House debates

Wednesday, 27 May 2009

Appropriation Bill (No. 1) 2009-2010; Appropriation Bill (No. 2) 2009-2010; Appropriation (Parliamentary Departments) Bill (No. 1) 2009-2010

Second Reading

12:10 pm

Photo of Patrick SeckerPatrick Secker (Barker, Liberal Party) Share this | Hansard source

No. Telling a rural and regional student they have to work full time for two years before they can receive youth allowance is akin to denying them a university education. Universities will rarely defer for two years. For many, part-time work in fast food, the local garage or even the pub is all that is available in the remote or rural centre in which they live—if they can get it. Linking the relocation scholarship to receipt of youth allowance is a double whammy for students whose goal is to attend university in the city.

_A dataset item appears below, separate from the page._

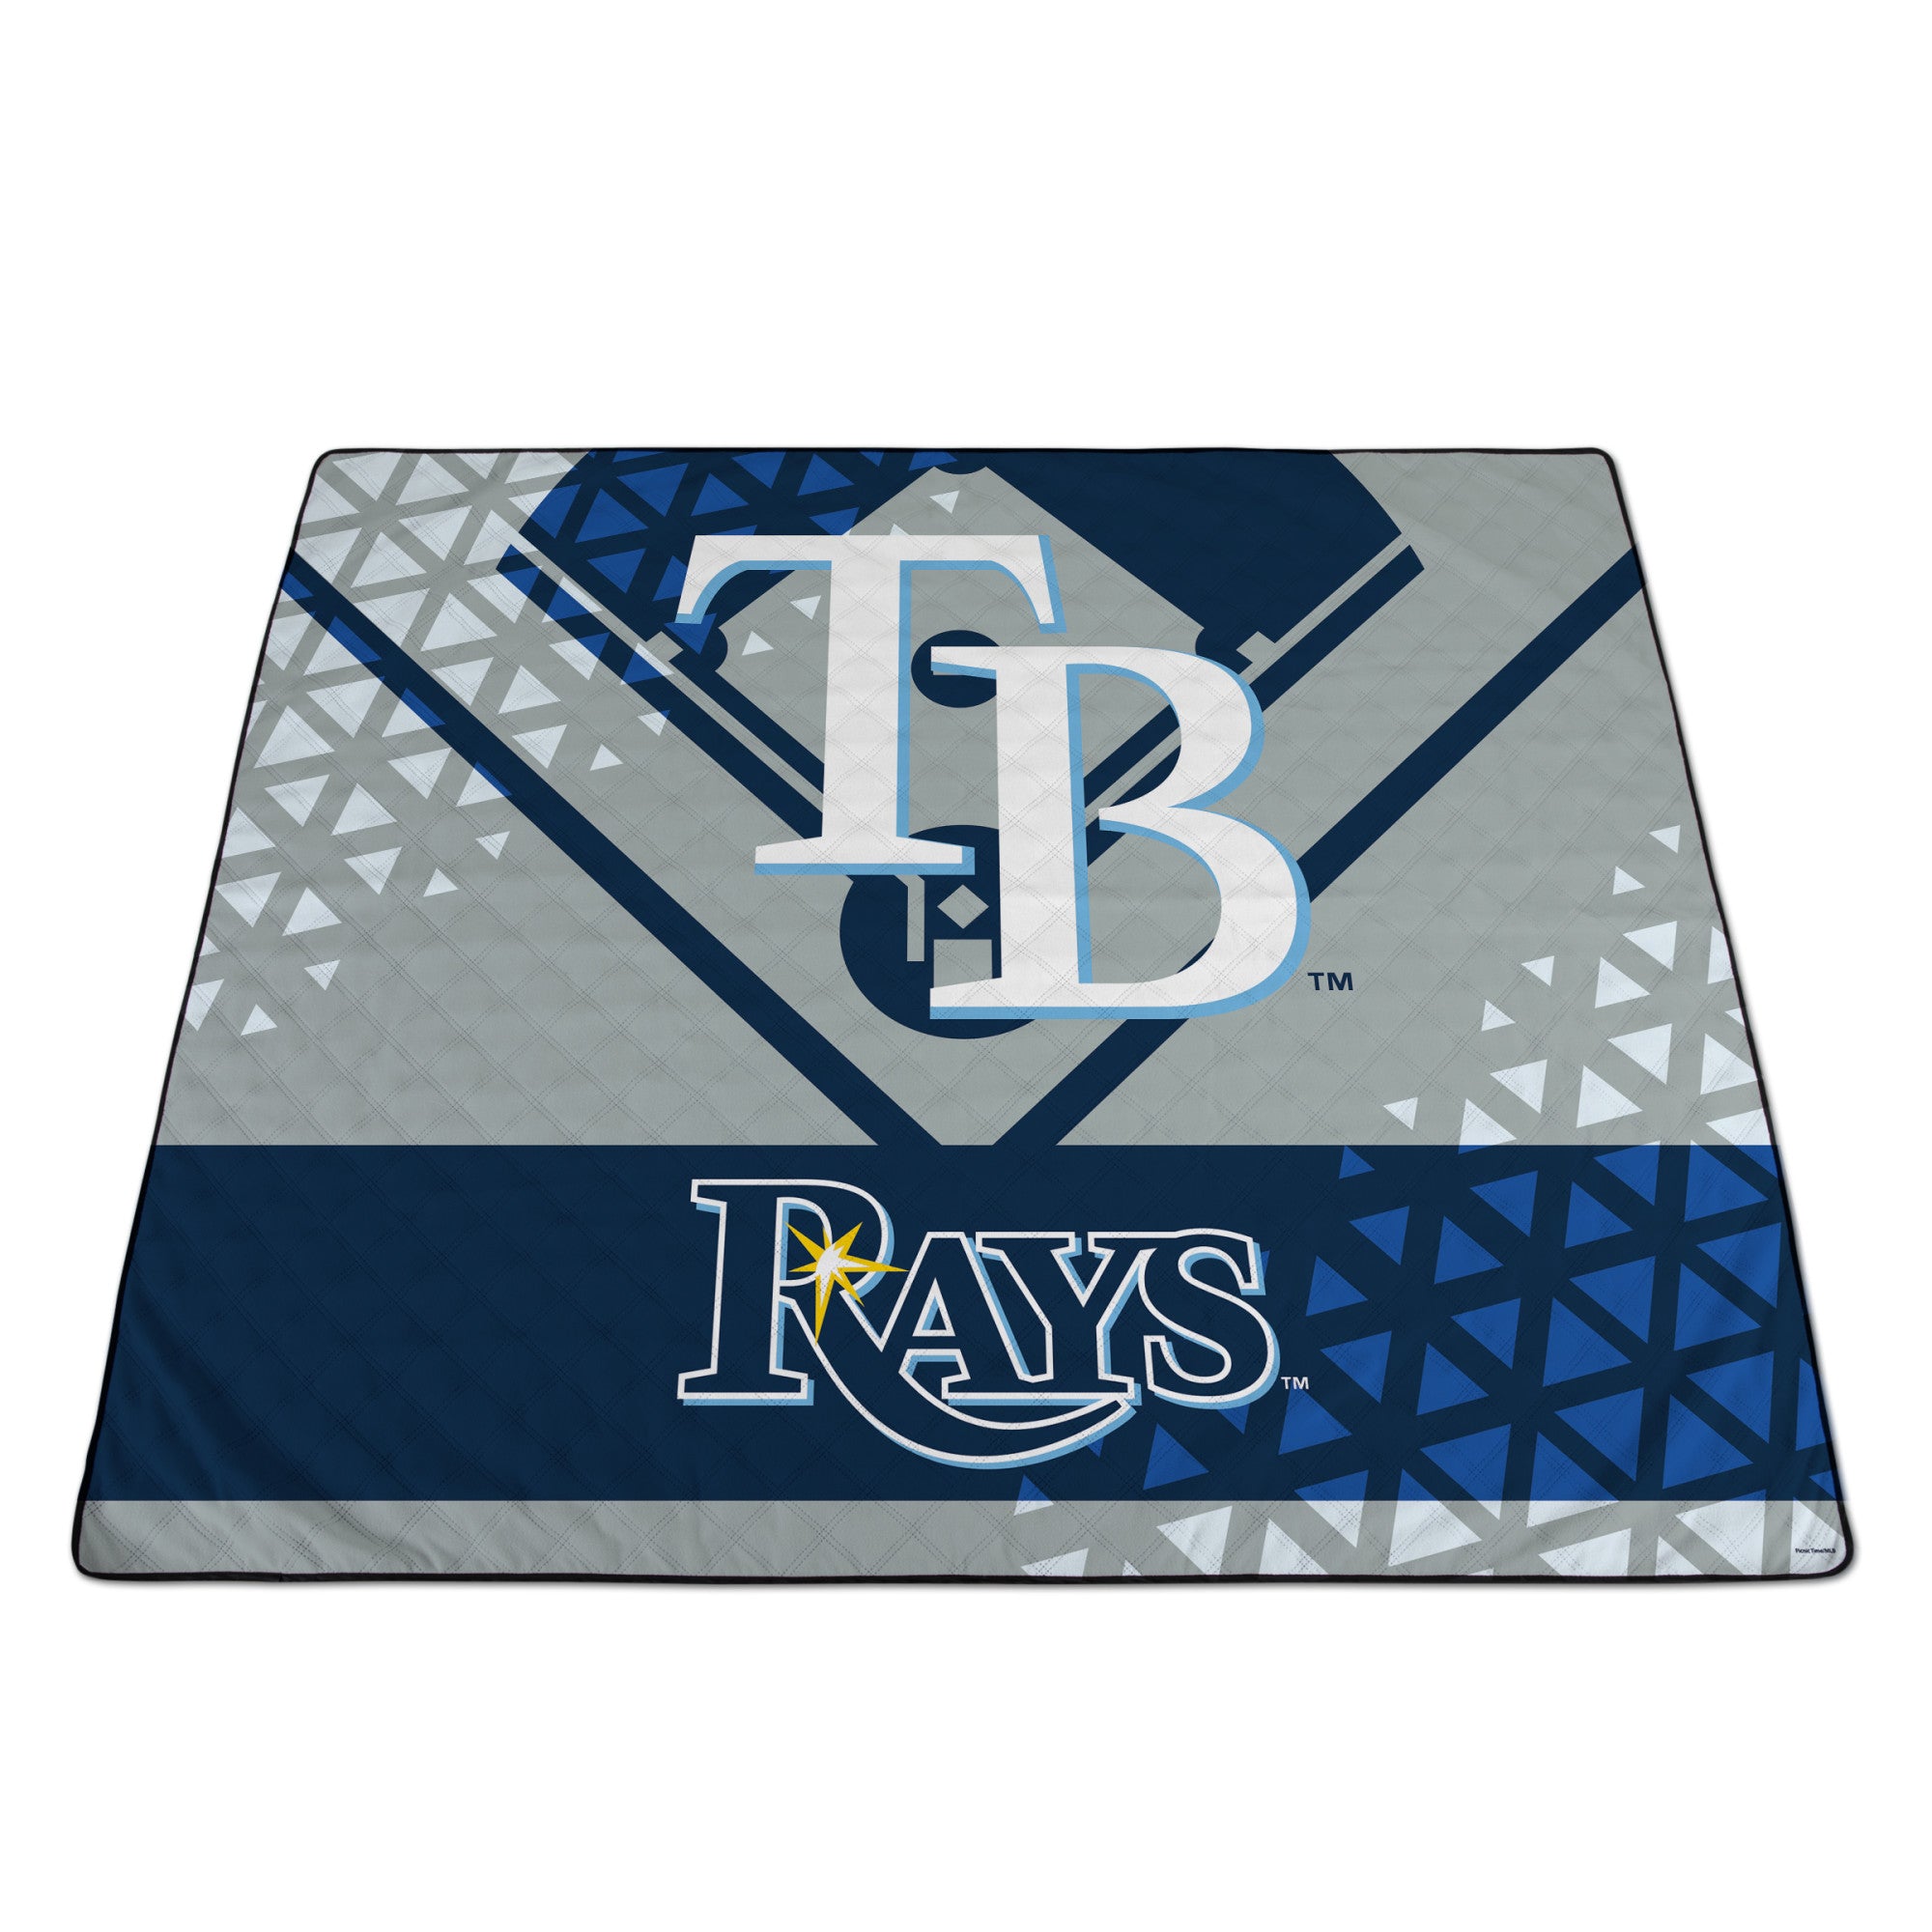 Tampa Bay Rays - Impresa Picnic Blanket

Labor has removed the Howard government scholarships of $5,500 per annum, which were at administered by the universities, and replaced it with a lesser, means tested student allowance administered by Centrelink. Of course, it was the former Minister for Education, Science and Training, who is beside me, who brought those scholarships in.

It is bad enough that Labor sees fit to abolish funding to the regions; it is utterly criminal that they now deny our students the income support they need to study. Regions have not been totally forgotten by Labor. Indeed, Labor has done something big for the resilient people of our great electorate. It has imposed on each and every one of them a huge debt of $220 billion that will take years to repay. Even by the most promising and generous suggestions that it will be paid off by 2022—and I do not believe that would happen under this government—under the pretext that we are going to get four or 4½ per cent growth for seven years and we are going to repay a government debt at the rate of two per cent or more of GDP for more than seven years in a row, I do not think so. All Australians, including the rural and regional people of my electorate, are paying the price of Labor’s ill-directed, reckless spending. This is a government that has recklessly spent in a way that has no precedent in our history and has imposed a stupendous level of debt on a nation that 18 months ago was completely free of debt for the first time since Federation. This is a government with all its priorities wrong.